◆ DIRECTIONS ◆
Restate word for word the lines below, from the one containing "(Português) Jardim Público" through the final line, with no pictures included.

◆ DATA EXCERPT ◆
###

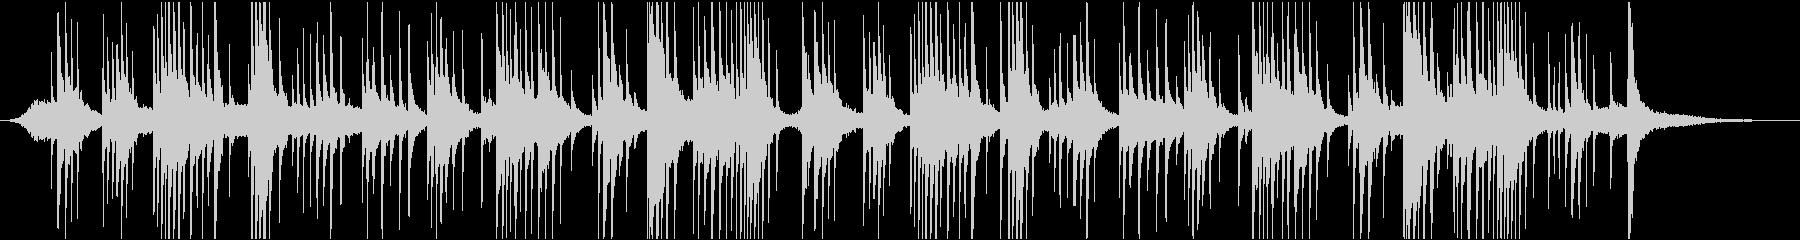 映像BGM ピアノで氷の世界を表現の未再生の波形
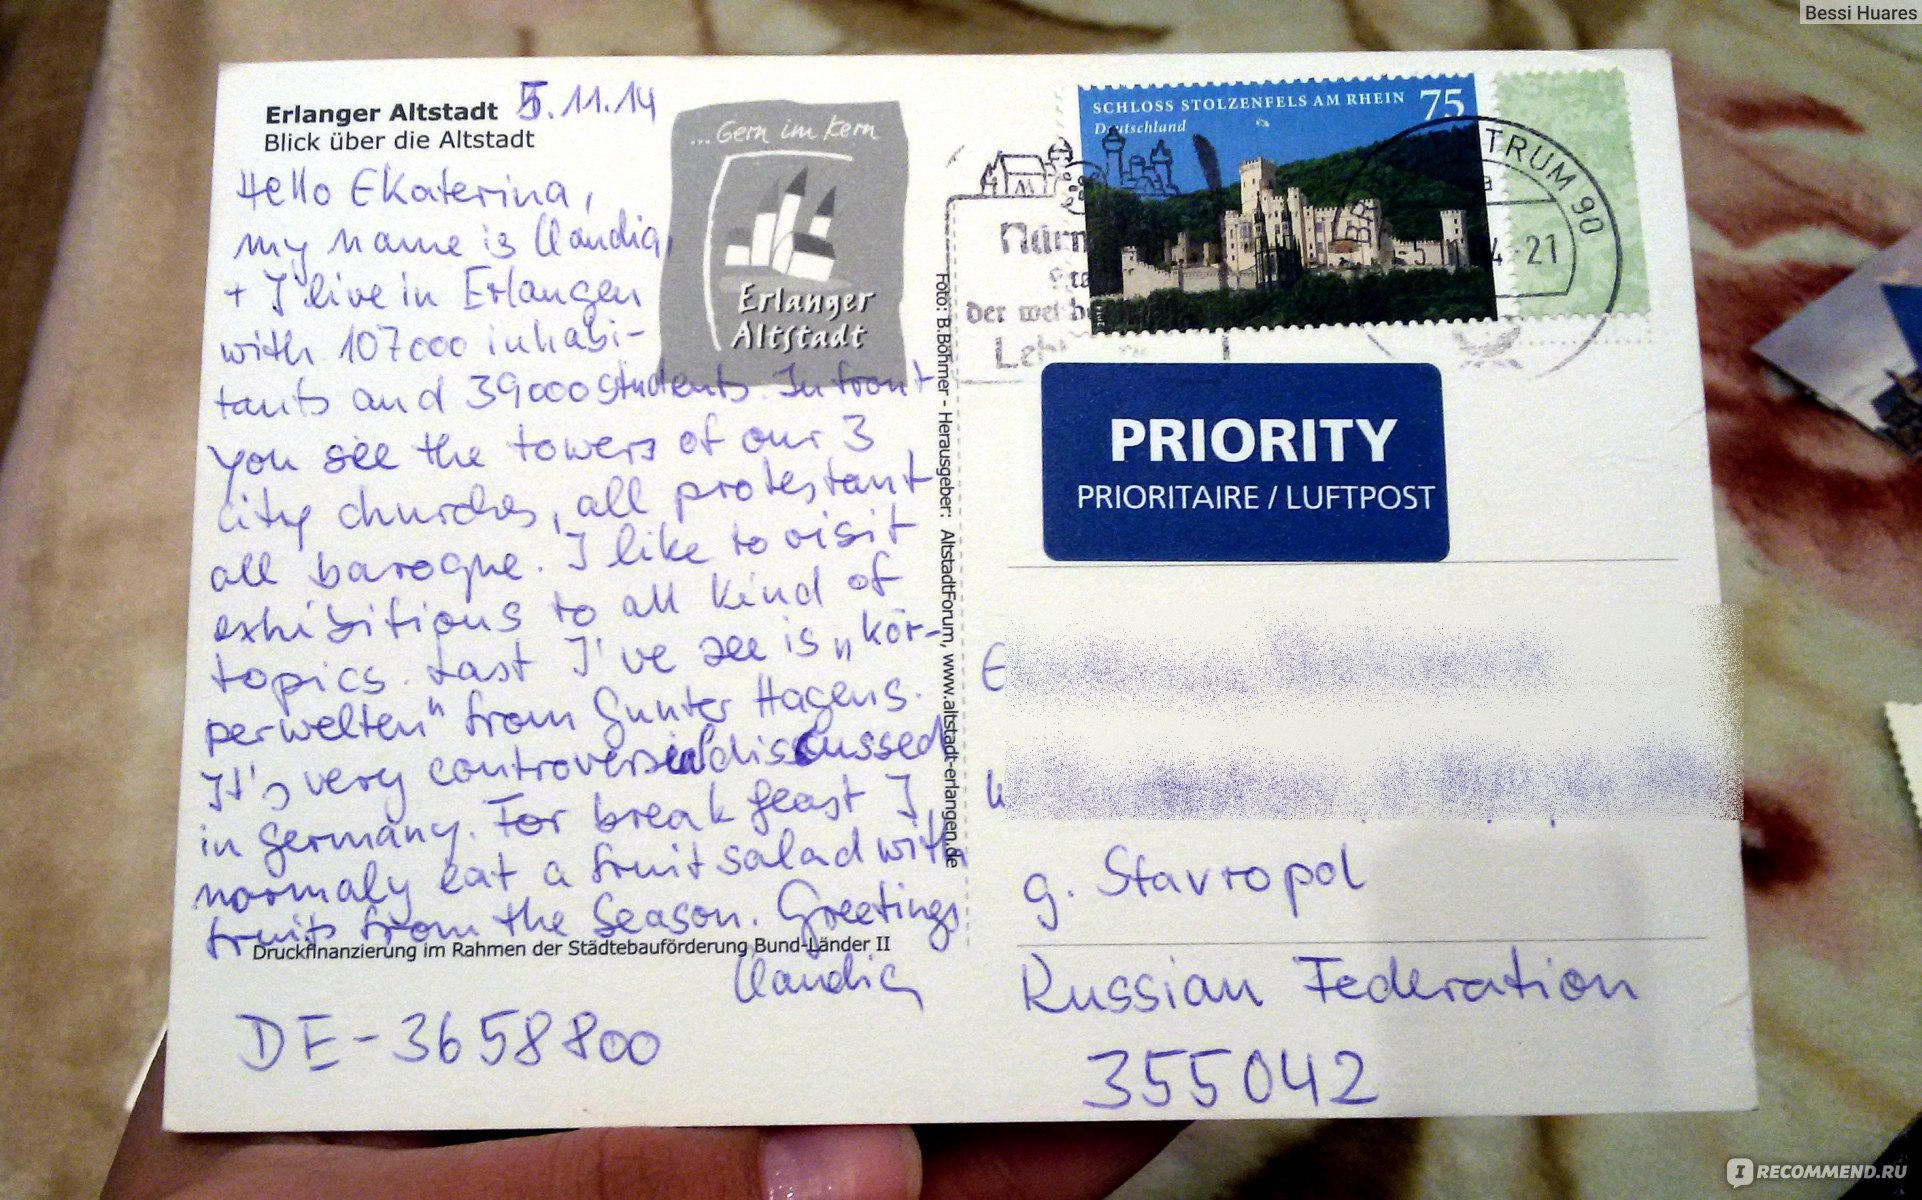 Отца, посткроссинг послать открытку
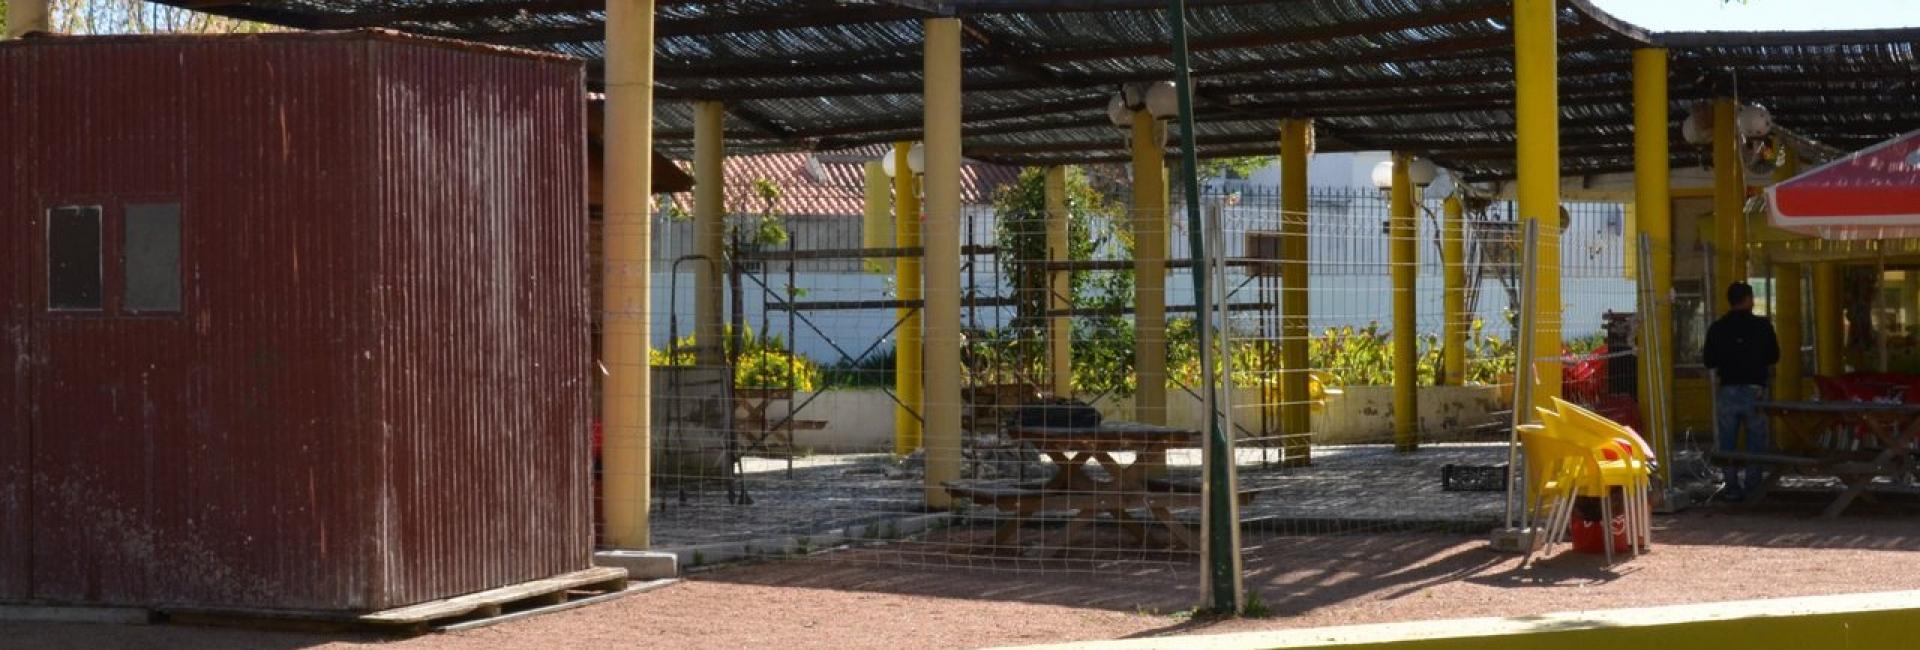 (Português) Jardim Público – Instalação de nova cobertura e requalificação de instalações sanitárias
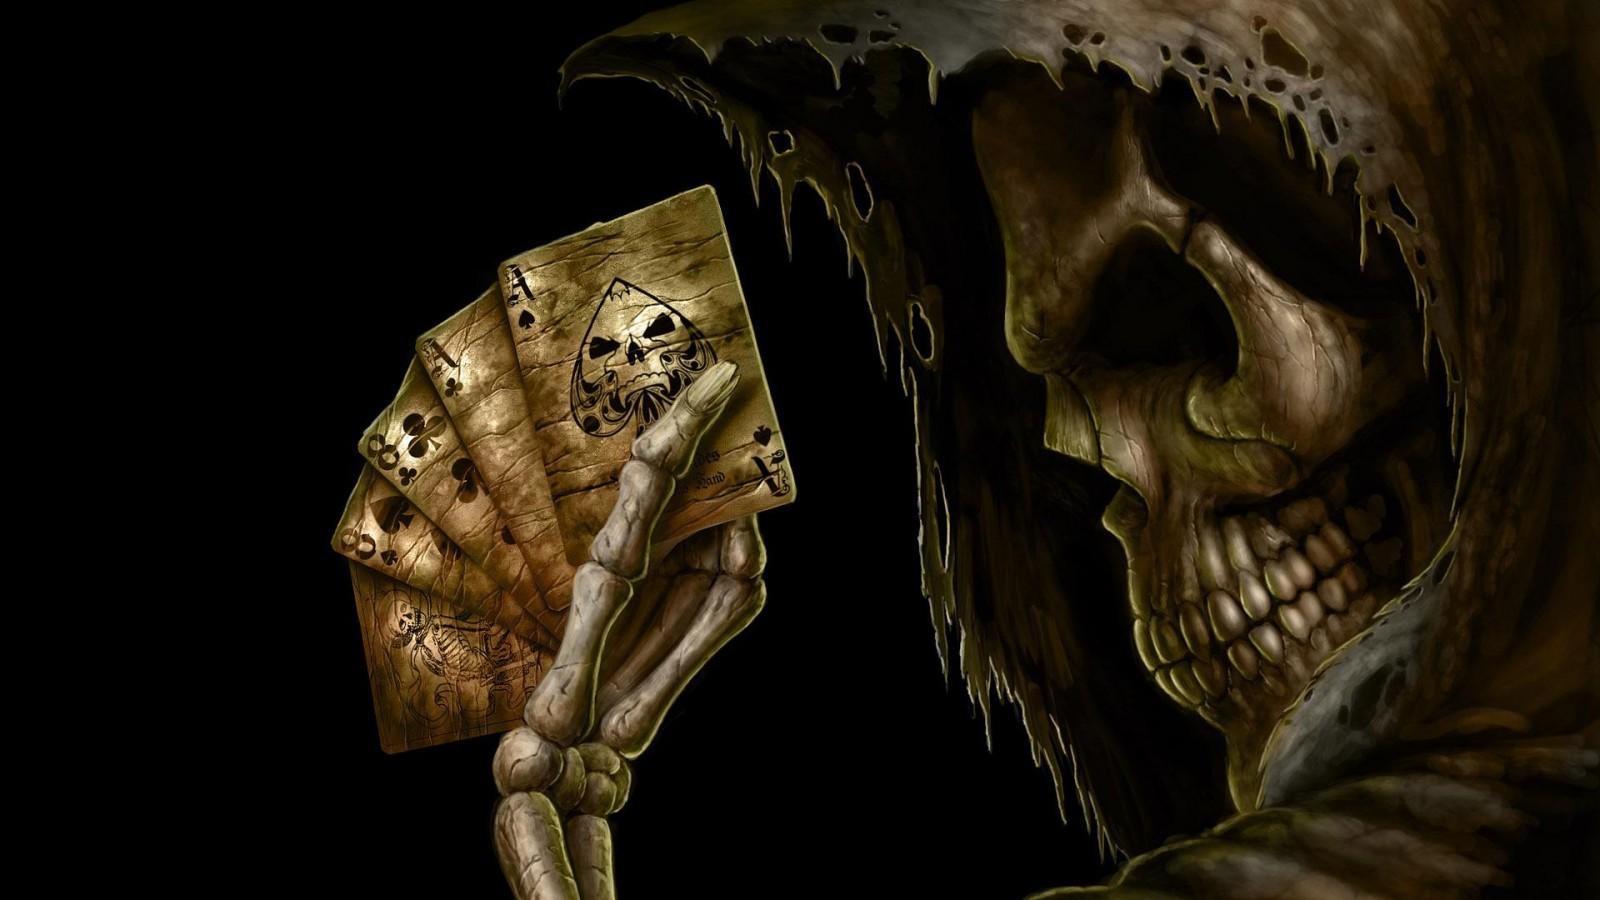 Ảnh thần chết 3d, ảnh avatar kinh dị đẹp nhất

###

◆ SOLUTION FOR THIS TASK ◆
 (Português) Jardim Público – Instalação de nova cobertura e requalificação de instalações sanitárias
 Ảnh thần chết 3d, ảnh avatar kinh dị đẹp nhất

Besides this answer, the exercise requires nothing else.